Heidi sprang eilig aus seinem Bett und hatte in wenig Minuten alles
wieder angelegt, was es gestern getragen hatte, denn es war sehr
wenig. Nun stieg es die Leiter hinunter und sprang vor die Hütte
hinaus. Da stand schon der Geißenpeter mit seiner Schar, und der
Großvater brachte eben Schwänli und Bärli aus dem Stall herbei,
dass sie sich der Gesellschaft anschlossen. Heidi lief ihm
entgegen, um ihm und den Geißen guten Tag zu sagen.
"Willst mit auf die Weide?", fragte der Großvater. Das war dem
Heidi eben recht, es hüpfte hoch auf vor Freude.
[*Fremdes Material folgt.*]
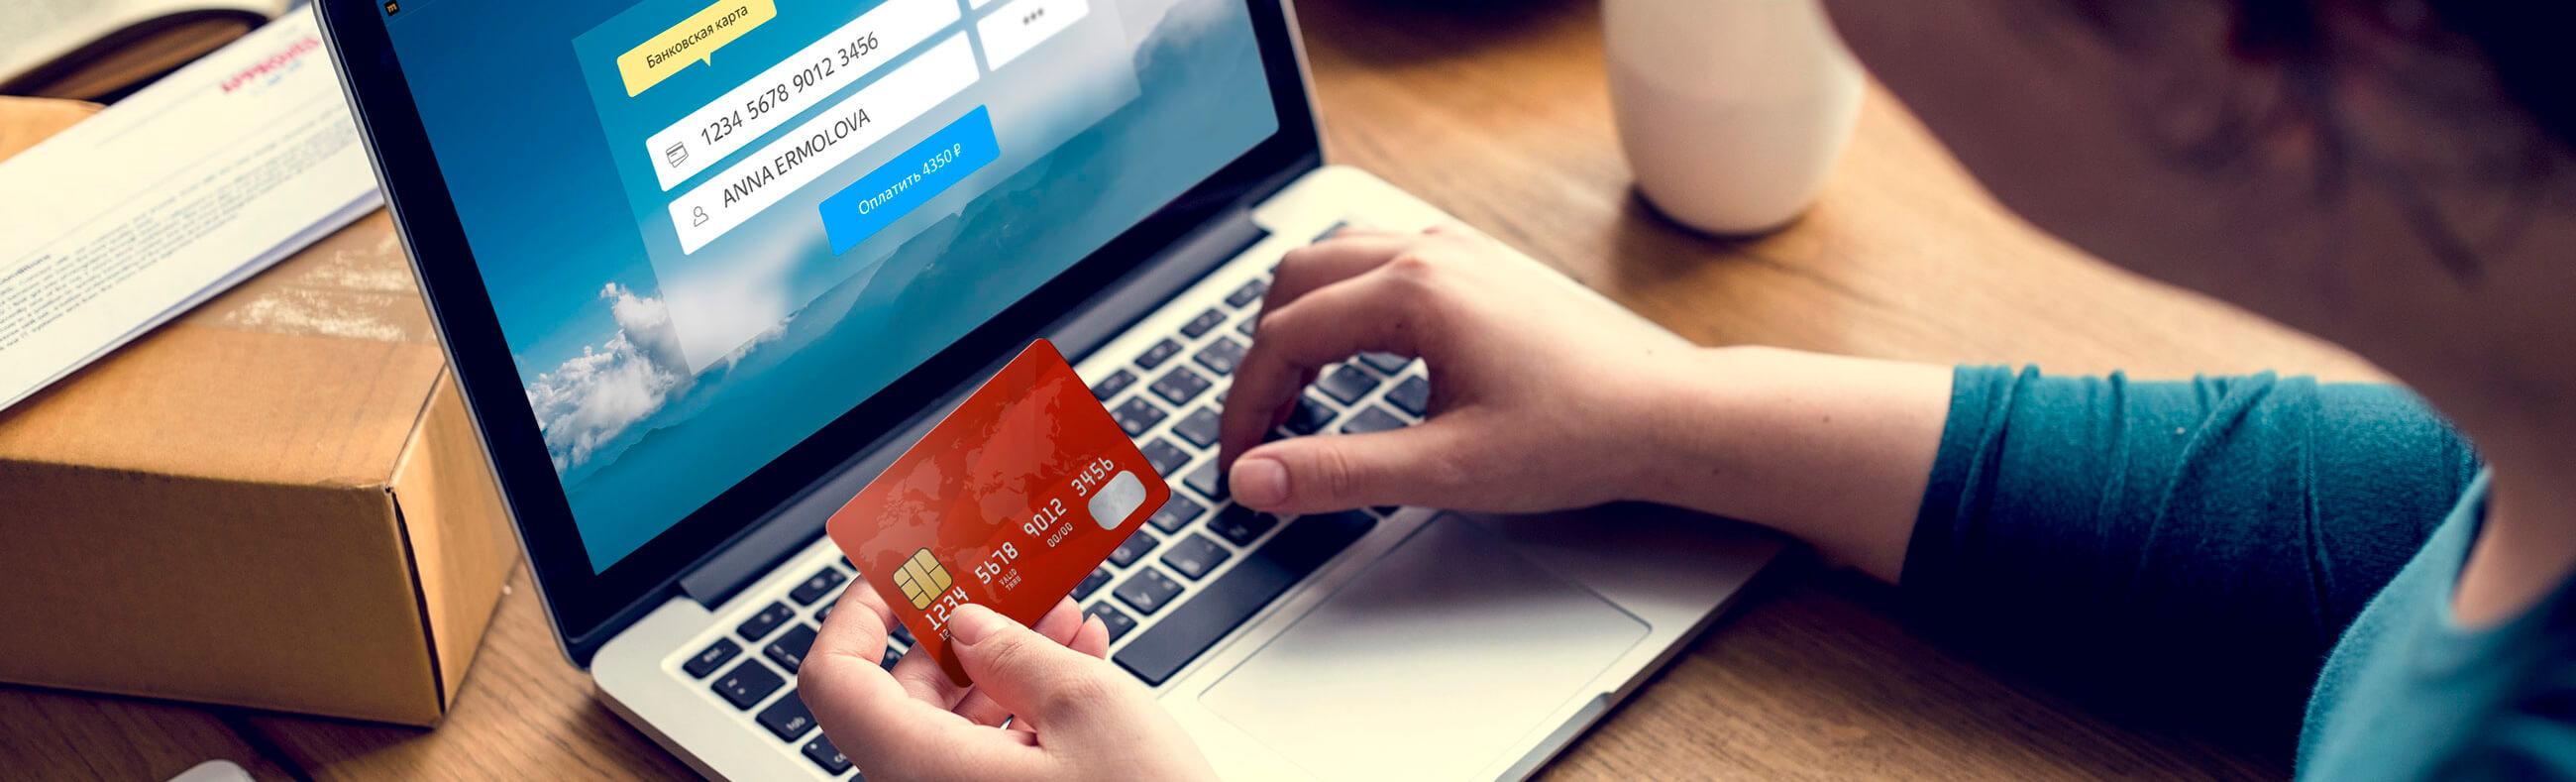 бухгалтерский учет кредитов примеры

"Aber erst waschen und sauber sein, sonst lacht einen die Sonne aus,
wenn sie so schön glänzt da droben und sieht, dass du schwarz bist;
sieh, dort ist's für dich gerichtet." Der Großvater zeigte auf
einen großen Zuber voll Wasser, der vor der Tür in der Sonne stand.
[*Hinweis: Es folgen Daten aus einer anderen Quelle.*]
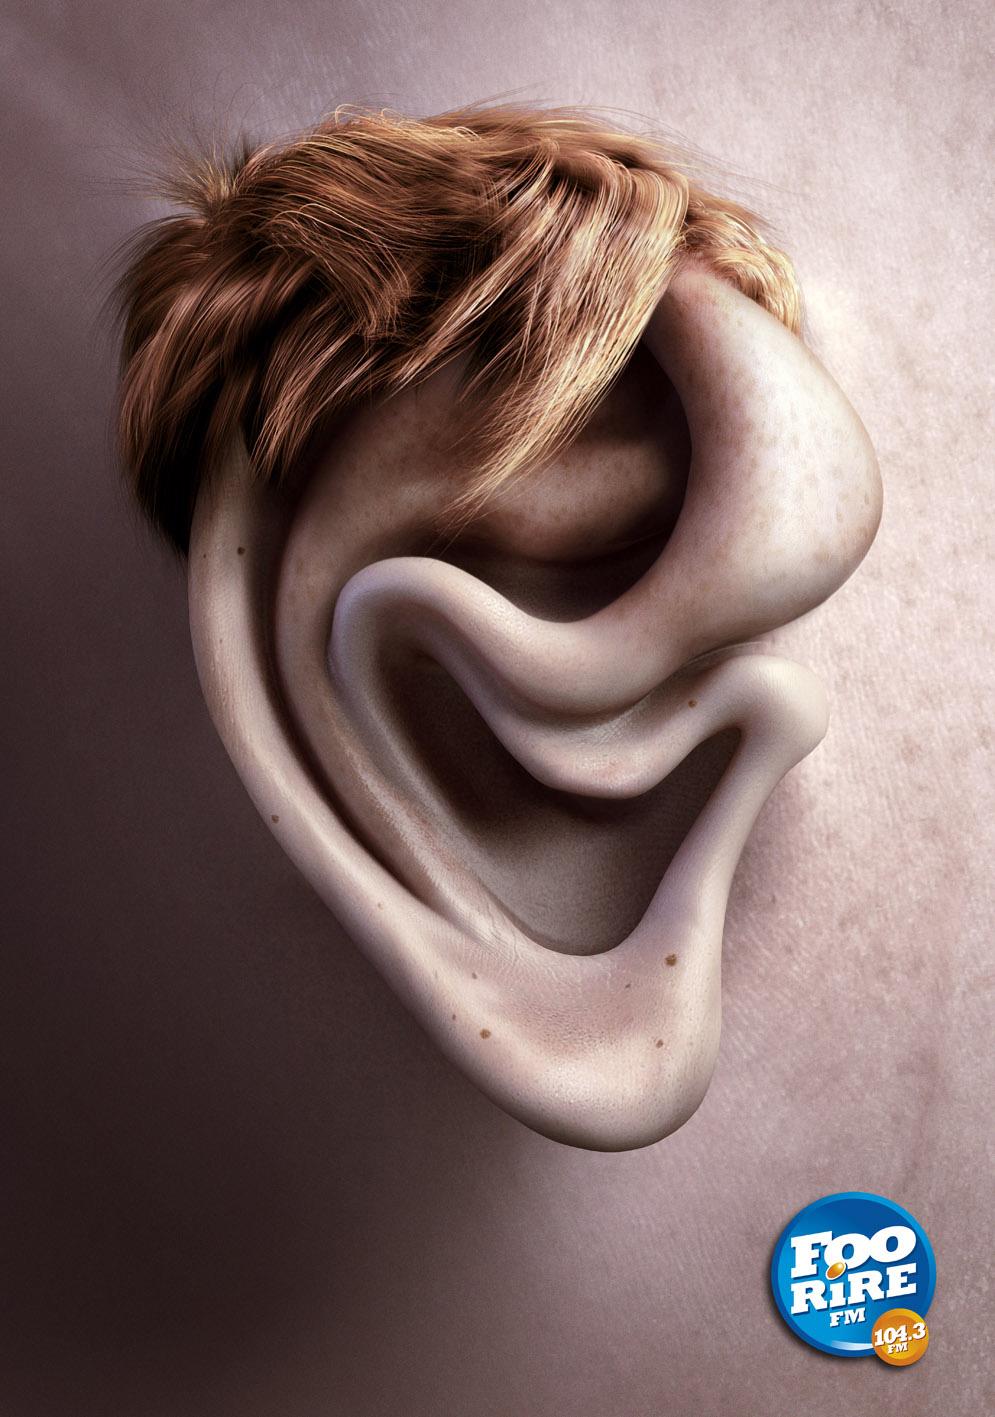 Картинка прикольных ушей

Heidi sprang hin und patschte und rieb, bis es ganz glänzend war.
Unterdessen ging der Großvater in die Hütte hinein und rief dem
Peter zu: "Komm hierher, Geißengeneral, und bring deinen Habersack
mit." Verwundert folgte Peter dem Ruf und streckte sein Säcklein
hin, in dem er sein mageres Mittagessen bei sich trug.
"Mach auf", befahl der Alte und steckte nun ein großes Stück Brot
und ein ebenso großes Stück Käse hinein.